Berg by Ann Quin
Ann Quin was something of a rising star at the time of her premature death in 1973, but has since been all but forgotten. The author of four novels, she has the distinction of being one of relatively few British writers to be published by John Calder (this edition is a reprint by the admirable Dalkey Archive Press), placing her in the company of such avant-garde figures as Beckett, Robbe-Grillet, Burroughs and Henry Miller.
On the rare occasions when her name does crop up, Quin is normally cited as an English-language extension to the nouveau roman of Robbe-Grillet and Simon, Duras and Sarraute.

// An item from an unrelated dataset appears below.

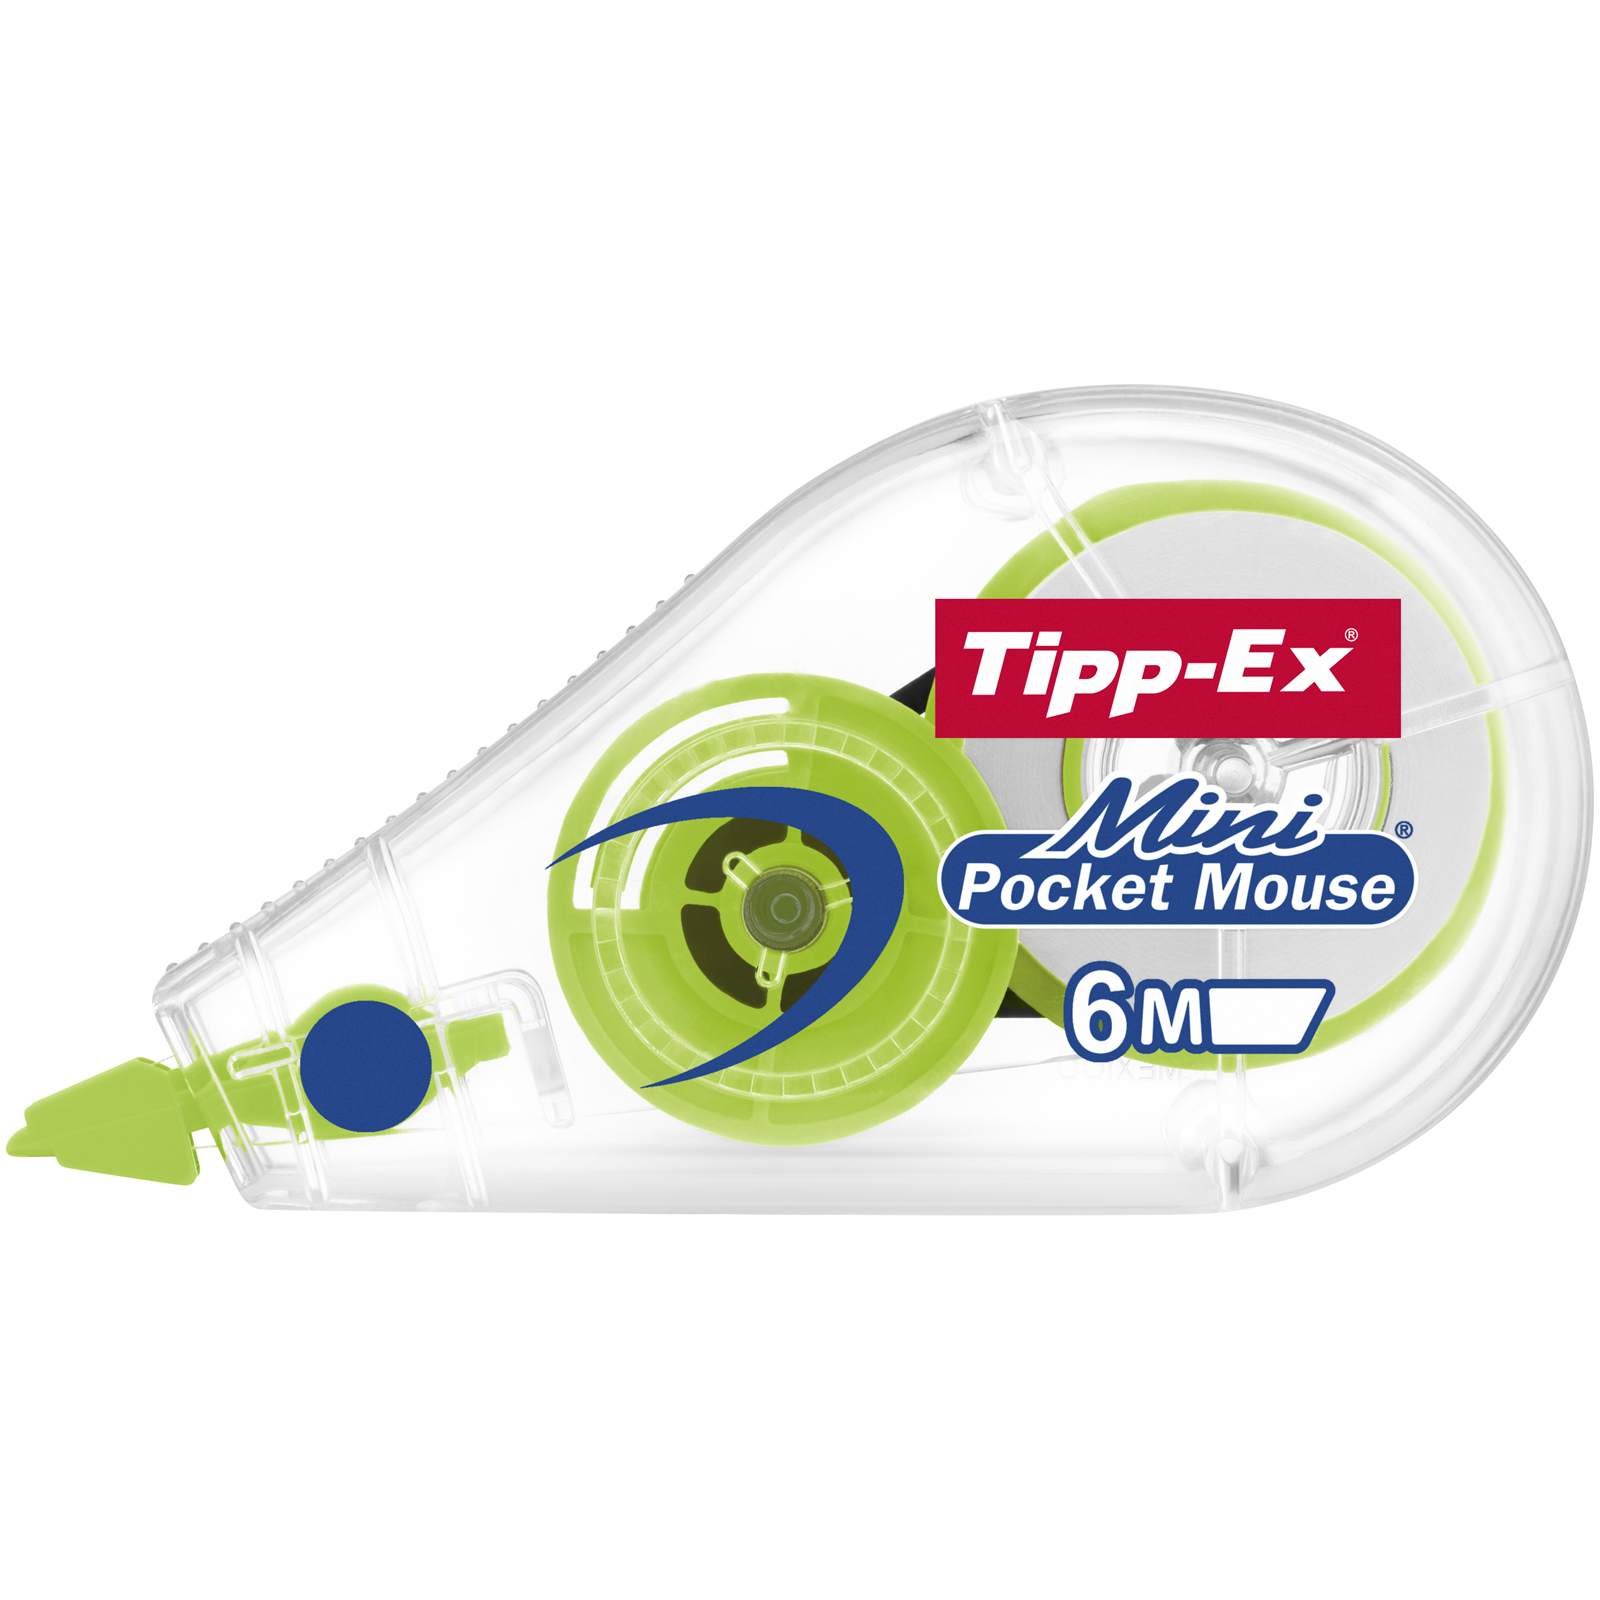 Acheter Tipp-ex Mini pocket mouse jaune - Gommes,  - Bic - Le

Berg, her debut novel and most accessible work, certainly displays some of the characteristics associated with these authors – fluid movement between voices and perspectives, flashbacks and embedded dialogue, and a design that makes the reader take on an active role in weaving together the threads of an incompletely revealed narrative.
However, far from being a Francophile imitation, Berg is a delicious cocktail of influences. Just as Ulysses married classical form with quotidian content, Berg plays the formal strategies of the nouvelle roman and the Oedipal melodrama of Greek tragedy against the prosaic Englishness of rainy off-season Brighton. The banal trappings of the kitchen-sink drama - clipped manners, small talk about the weather, cups of tea and pet budgerigars – are fed through the formal machinery of Quin’s more cosmopolitan influences. Perhaps this is why Berg manages to feel both quintessentially English and completely un-English at the same time.
A novel shot through with the rites, taboos and genre codes of Greek tragedy, Berg slaps its cards on the table from the first sentence: ‘A man called Berg, who changed his name to Greb, came to a seaside town intending to kill his father’. This ‘more is more’ approach to symbolism will later see Berg narrowly avoid being raped by his father while dressed up in their mutual lover’s clothes, before consummating his long-procrastinated parricide with a mannequin. Berg is not the sort of novel that wastes too much time trying to hide from its own artifice.
Indeed, Berg draws attention to the constructedness of its form at every turn. It bounces off the expectations and inevitabilities transmitted through its literary reference points. Like Hamlet, Berg is structured around a claustrophobic build-up of tension, delaying the act of violence that we know will define and demarcate its form. We peer out through Berg’s eyes as he lurks in wait for his father and his mistress from behind the flimsy partition separating their pokey adjoining rooms. This spatial constraint is channeled by the terse sentences of Quin’s disjointed prose, a crescendo of broken images filtered through the mind of the protagonist.
While she occasionally strays into ham-fisted territory, Quin’s prose is more often wonderfully economic and controlled. Here is Berg remembering his mother waving him goodbye as his train pulls away: “Confronted by her flushed face from the neck up, her hands fluttering; the faded brilliance of a saved-up birthday brooch on her nylon-fur coat lapel, the rusty pin at the edge that always caught something in your throat”. The imagery combines the internal and external, a narrative eye infused with the figures of Berg’s conflicted thought.
For all its attentiveness to form, Berg is ultimately a novel that addresses, through its Freudian framework, the absurdity of our condition. Berg’s perspective provides the meeting ground for the novel’s high and low reference points: part Oedipus, part contemporary Angry Young Man, and part narrative focal point in the manner of Robbe-Grillet’s Jealousy. The common thread that unites these themes is the condition of absurdity. In exchanging the suffocating banality of domestic life for the histrionics of revenge tragedy, Berg merely succeeds in swapping one form of absurdity for another. Even in death there is no escape from cliché.